Skocz do zawartości

Który model?


gregory_11

Rekomendowane odpowiedzi

Prosiłbym o poradę w sprawie następujących modeli w skali 1/48:

 

1. Viggen,

2. Grippen

3. Kfir

4. Mirage F1

5. Mirage III

6. Mirage 5

7. Mirage 2000

8. A-7E Corsair (Hobby Boss?)

9. F-111

10. Su-22 polski

11. MiG 21 polski (Eduard?)

 

Poszukuję modeli w miarę łatwych do sklejenia (jestem początkującym modelarzem, chociaż umiarkowane wyzwania czegoś mnie nauczą), które jak najbardziej to możliwe mieszczą się w planach modelarskich. Nie jestem ortodoksem wymiarów samolotu ale lepiej, żeby pasował do nich jak najbardziej.

Odnośnik do komentarza
Udostępnij na innych stronach

1. Viggen: chyba najlepszy model na rynku to Special Hobby, choć zdaje się że nie jest najprostszy w montażu

https://www.mojehobby.pl/products/Saab-AJ-37-Viggen-Attack-Version.html

 

2. Gripen: ładny zestaw robi Kitty Hawk, ale o spasowaniu słyszałem sporo niepokojących rzeczy; jest jeszcze prosty zestaw italeri

https://www.mojehobby.pl/products/Saab-JAS-39-A-C-Gripen.html

 

3. Kfir: fajny i ponoć dobrze spasowany model robi AMK, bardzo ładne detale

https://www.scalemates.com/kits/1104745-amk-88001-a-israel-iai-kfir-c2-c7

 

4. Mirage F1: dwa zestawy robi Kitty Hawk, dość przyzwoite, ale to wczesne ich modele więc ze spasowaniem mogą być problemy, choć opinii nie słyszałem

https://www.mojehobby.pl/products/MIRAGE-F.1B.html

https://www.mojehobby.pl/products/MIRAGE-F.1-CT-CR.html

 

5. Mirage III: Eduard robi bardzo fajny zestaw, choć też ponoć ze spasowaniem tam nie jest idealnie, ale bez tragedii; są też zestawy Kinetica, ale zdaje się że trochę toporne

https://www.mojehobby.pl/products/Mirage-IIIC-8554827.html

https://www.mojehobby.pl/products/Mirage-III-BE-D-DE-DS-D2Z.html

 

6. Mirage 5 - coś Kinetic robi, ale nie orientuję się

 

7. Mirage 2000 - j.w.

 

8. A-7E: Hobby Boss robi ładne zestawy, dobrze spasowane, ale ja polecam Hasegawę, bardziej szczegółowe i poprawne

https://www.mojehobby.pl/products/A-7D-E-Corsair-II-U.S.-Air-Force-Navy-Attacker.html

 

9. F-111: chyba tylko liczą się zestawy Hobby Bossa, z fatalnym kształtem wiatrochronu, ale tak poza tym są nienajgorsze (tyle że to nie zestawy dla początkującego, ogromna ilość części)

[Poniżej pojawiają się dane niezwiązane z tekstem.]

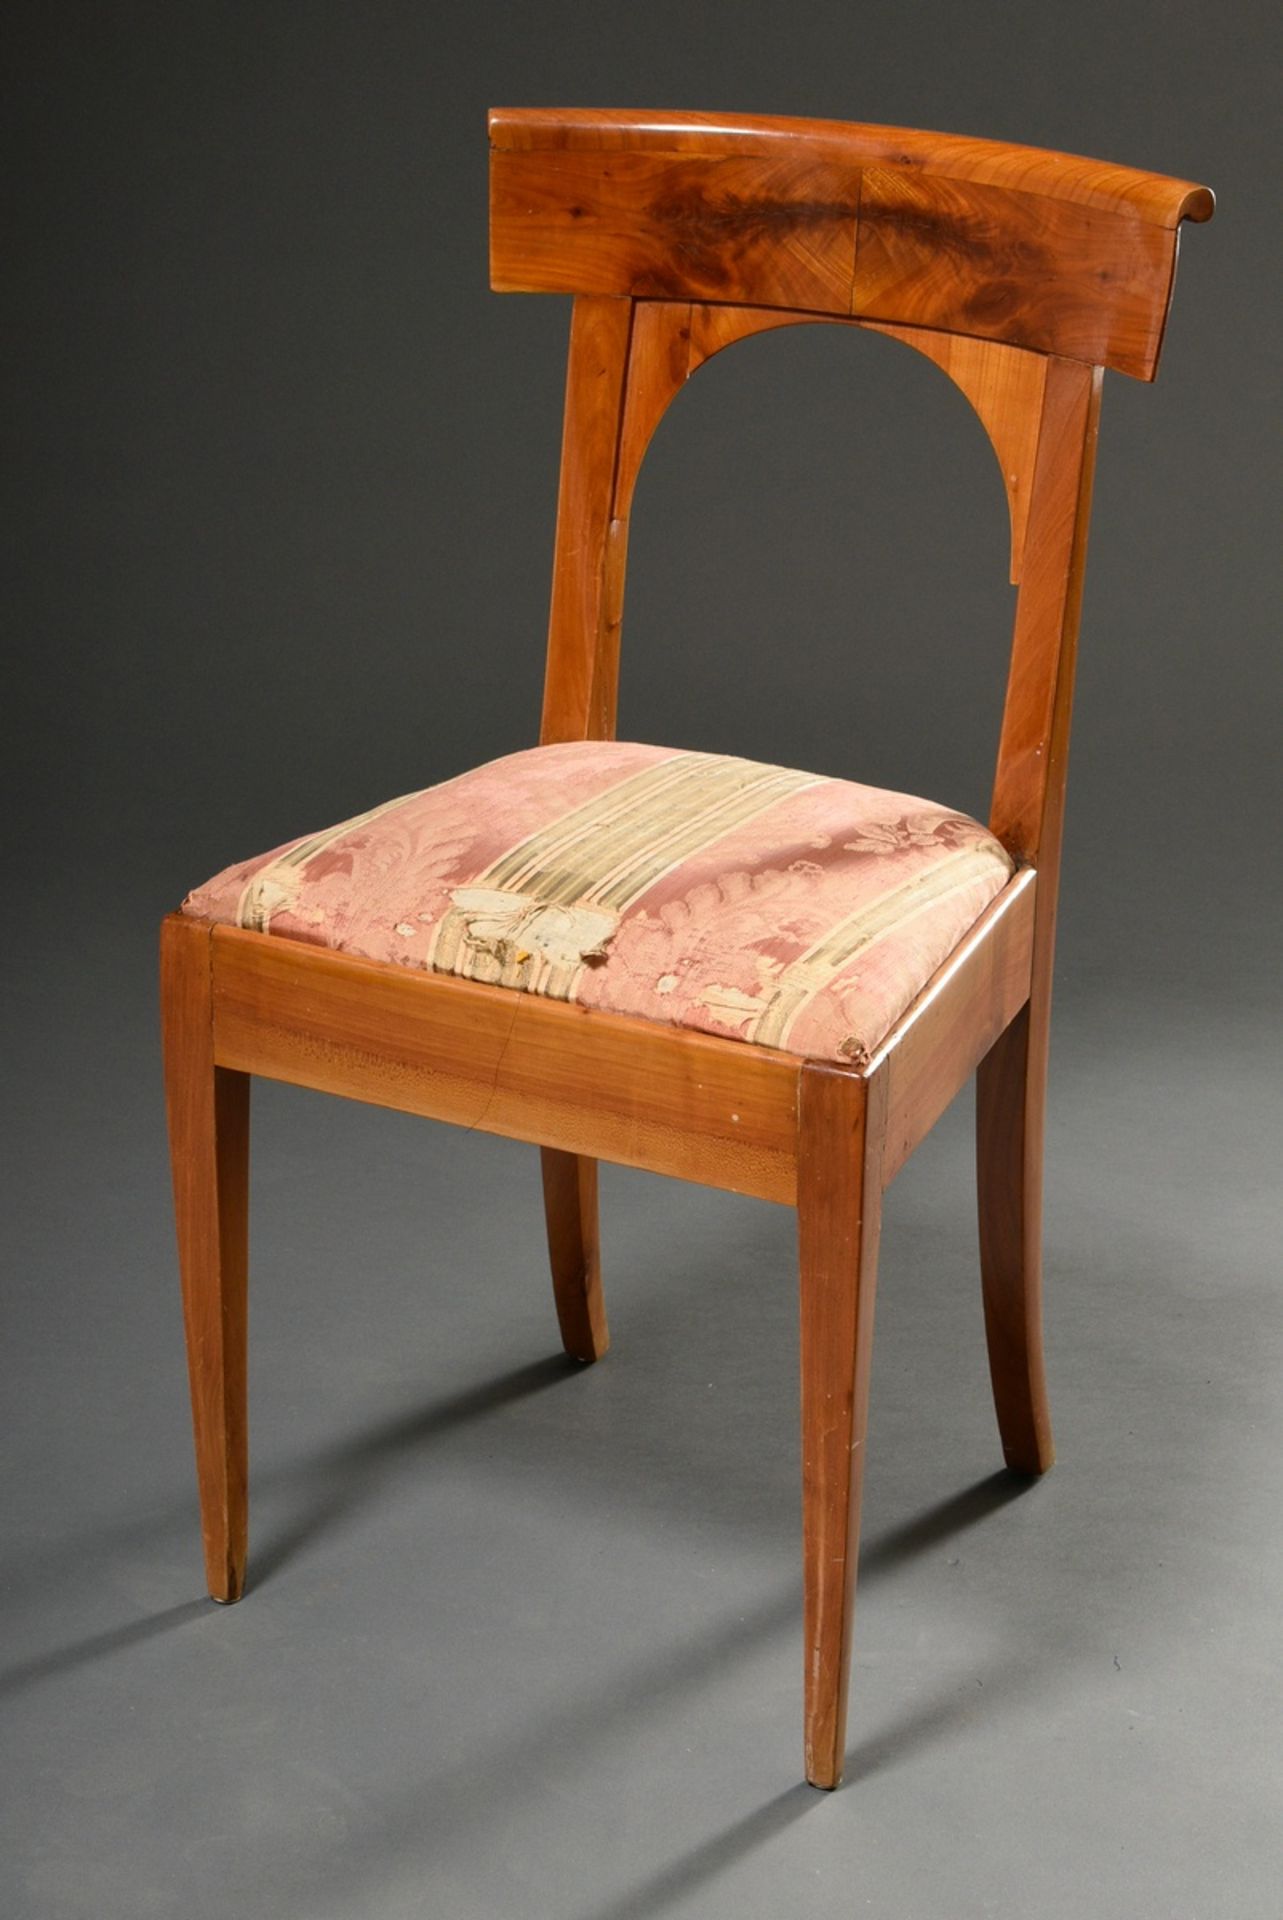 4 plain Biedermeier chairs with shovel backrest and arched element in the back, cherry veneer, 1st  - Image 6 of 8

https://www.mojehobby.pl/products/American-General-Dynamics-F-111D-E-Aardvark.html

 

10. Su-22: Kitty Hawk, ale sklejenie tego do kupy to podobno spore wyzwanie

https://www.scalemates.com/kits/1108717-kitty-hawk-kh80147-su-17-22um-3k

 

11. Mig-21: tylko Eduard, wiele wersji, przepięknie wykonane i dobrze spasowane.

https://www.mojehobby.pl/products/MiG-21BIS-3134352.html

Odnośnik do komentarza
Udostępnij na innych stronach

Co do pozostałych modeli, nie znam się, więc się nie wypowiadam. Natomiast jeśli chodzi o dwie ostatnie pozycje...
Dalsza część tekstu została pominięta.